Dafür erhält man nun die Verdienstmedaille des Verdienstordens. Wenn man dafür nicht mehr machen muss, als sich für ewig Gestrige und als Steinbach-Jüngere zu engagieren, ist das aus meiner Sicht nicht nur einen Kopfschütteln wert.
Ihr sogenannten "Vetrtriebene" solltet bitte einmal nur den Zusammenhang zwischen Ursache und Wirkung beachten.
Georg66
04.02.2011, 12:40 Uhr
würdige Auszeichnung
Sehr geehrte Frau Aurin.
Diese Auszeichnung haben Sie sich redlich verdient. Es ist heute den jungen Leuten schwer beizubringen, welches Leid die Deutschen jenseits der Oder und Neiße nach dem Kriegsende erfahren mussten, da dieses Thema gerade im real existierenden DDR- Sozialismus nicht auf der Tagesordnung stand.
@nail2011
Geben Sie ihren deutschen Pass ab, denn nach Ihrem Schreiben zu urteilen, haben Sie diesen nicht verdient!
TeeEff
04.02.2011, 15:55 Uhr
Wer Wind sät...
wird Sturm ernten und genau das ist in den ehemaligen Ostgebieten passiert, nachdem man im Namen einer faschistischen Ideologie erst ab '39 und dann ab '41 mit Herrenrassenwahn, Tod und Verderben in andere Länder gebracht hat.

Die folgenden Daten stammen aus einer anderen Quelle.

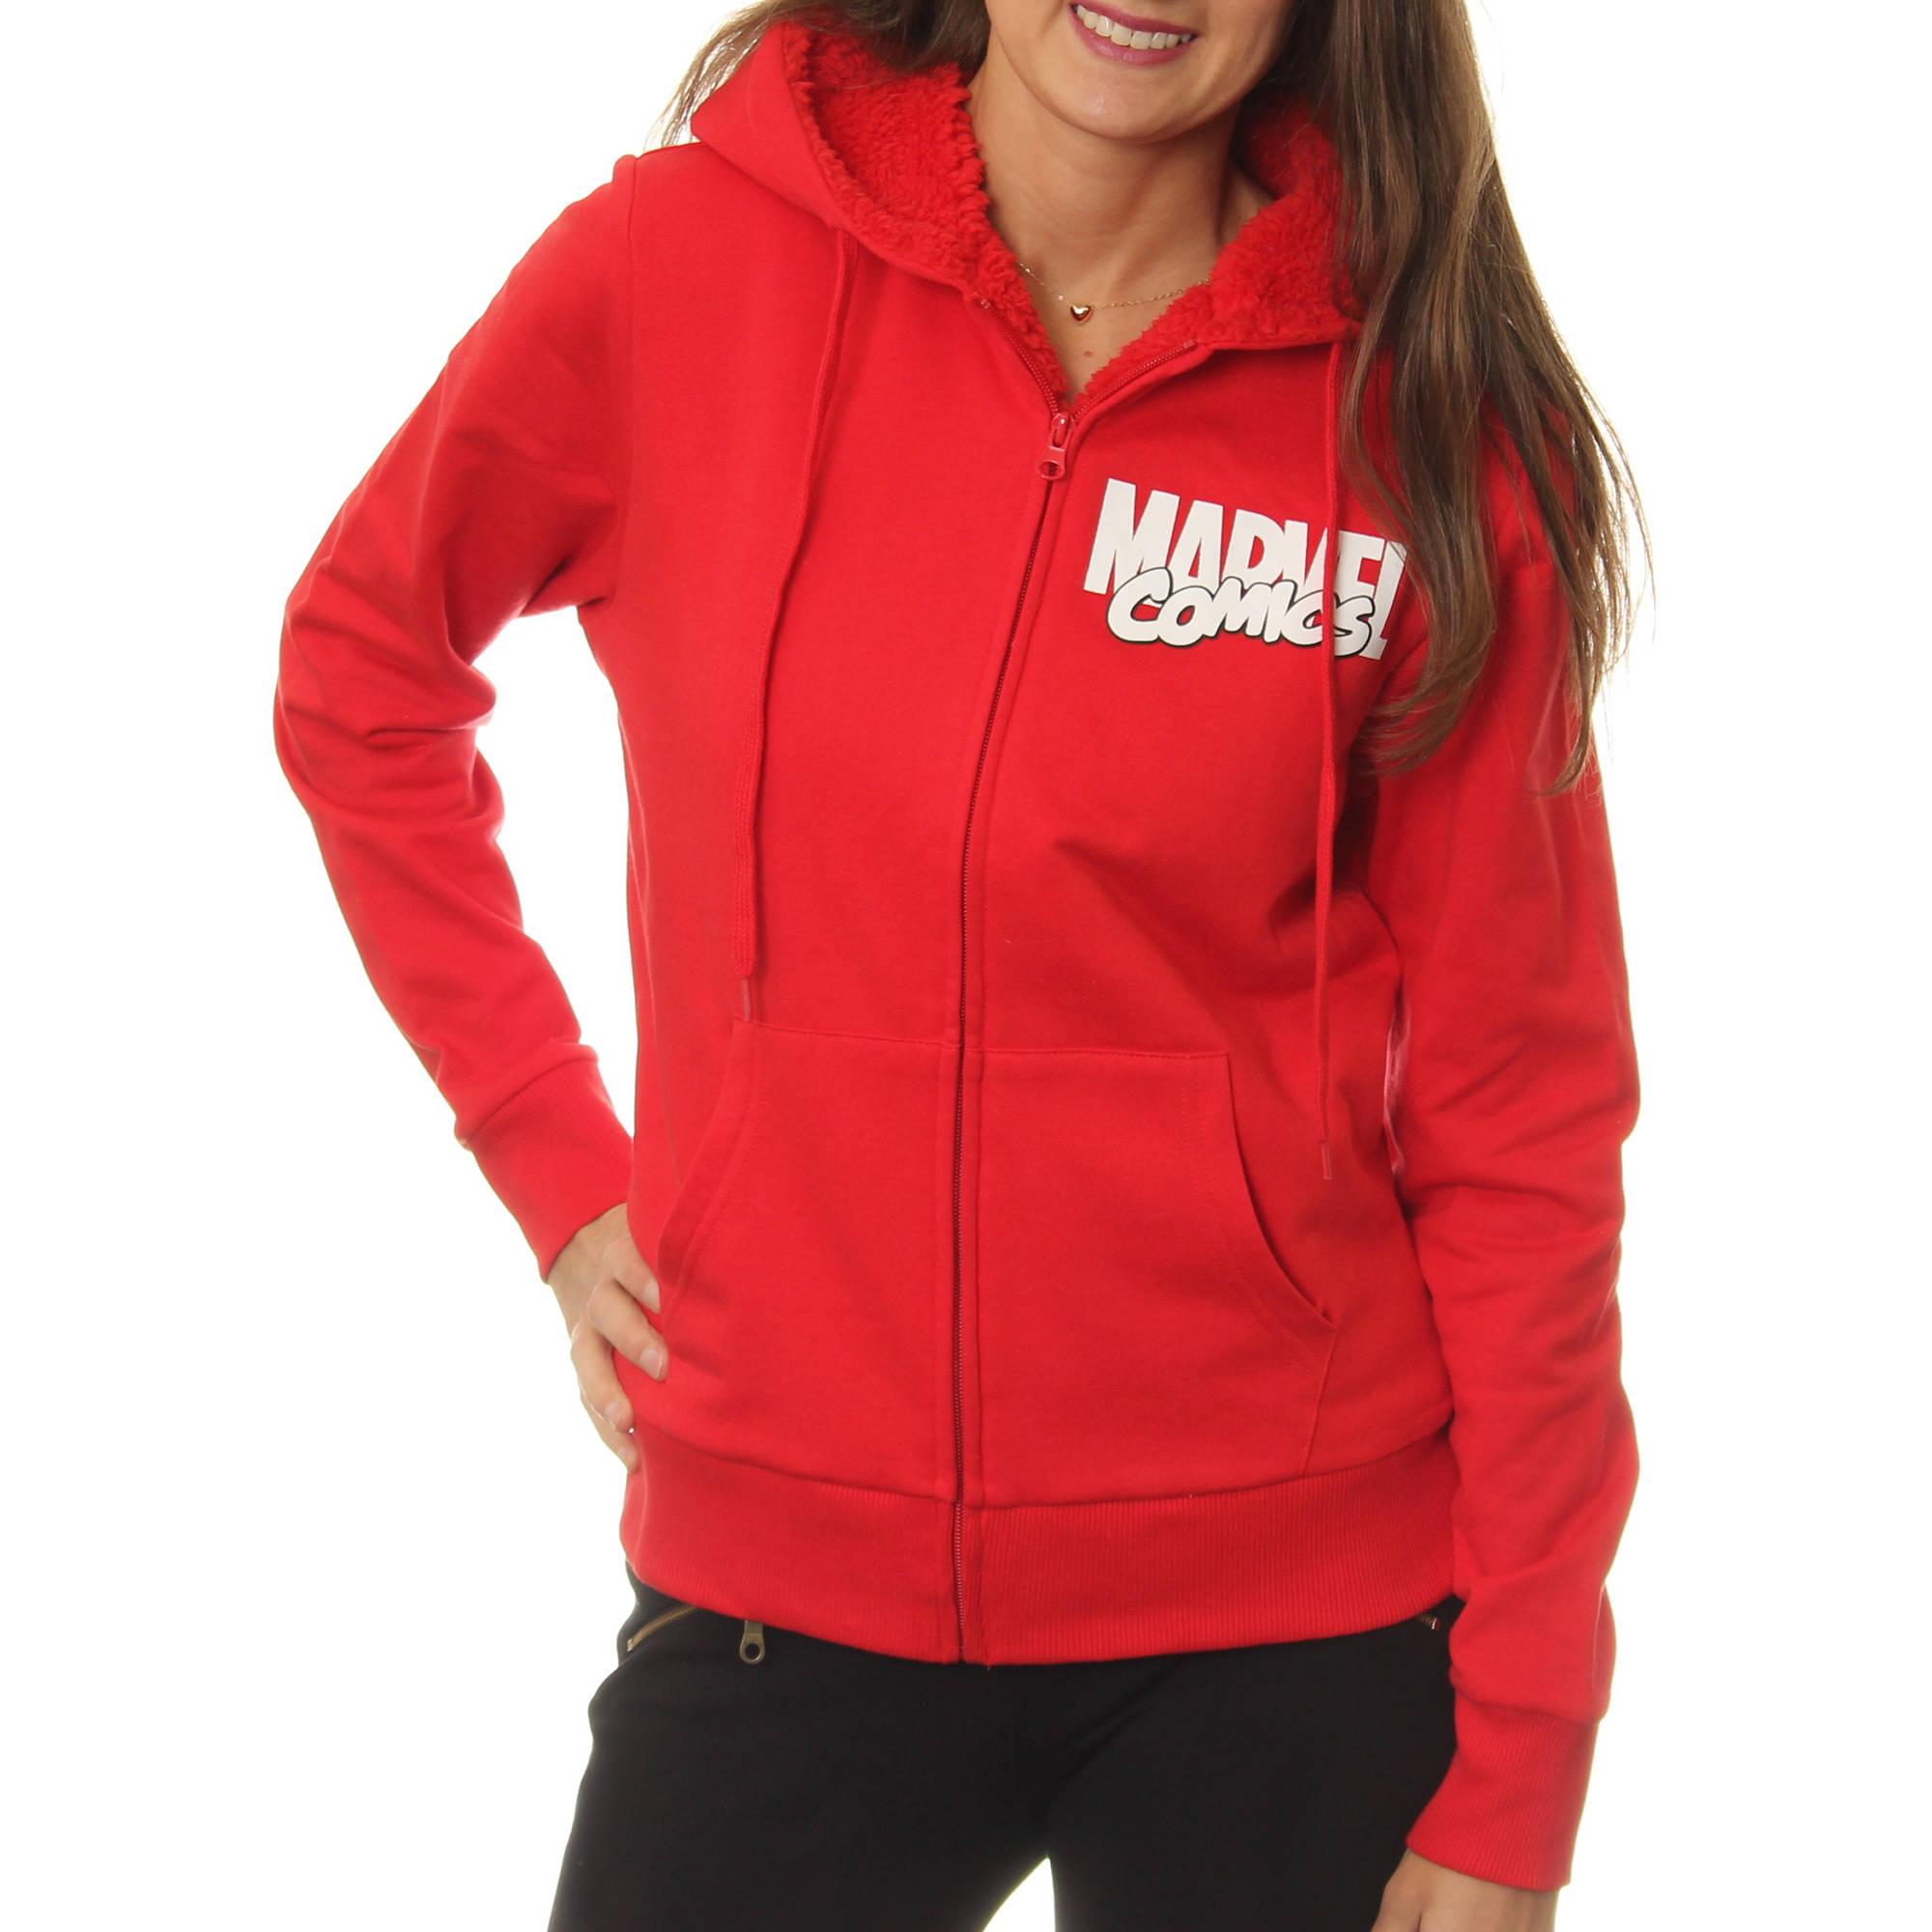 Marvel Juniors' Sherpa Lined Zip-Up Hoodie

Die Vertreibungen und damit einhergehenden Gräuel sind bedauernswert, aber Folge eines von Deutschland vom Zaun gebrochenen Krieges, der trotz aller Bemühungen und allem Fanatismus letztlich verloren wurde.
Die Oder-Neiße-Grenze wurde inzwischen als Ostbegrenzung längst anerkannt. Diese Vertriebenenverbände dienen nur dem Zweck Geschichtsrevanchismus zu betreiben und den Hass wach zuhalten. Als damals nicht einmal 3 jährige groß darüber zu lamentieren ist, meiner Meinung nach,...fraglich.
Das hier jemand fordert, das man wenn man das als vergangen und passiert sieht, man gefälligst seinen deutschen Pass abgeben soll - lächerlich!
Man hat das Abenteuer Krieg gewagt, verloren und dafür teuer bezahlt. Hoffentlich überlegt man sich nächstes mal VORHER, wozu so etwas führen kann!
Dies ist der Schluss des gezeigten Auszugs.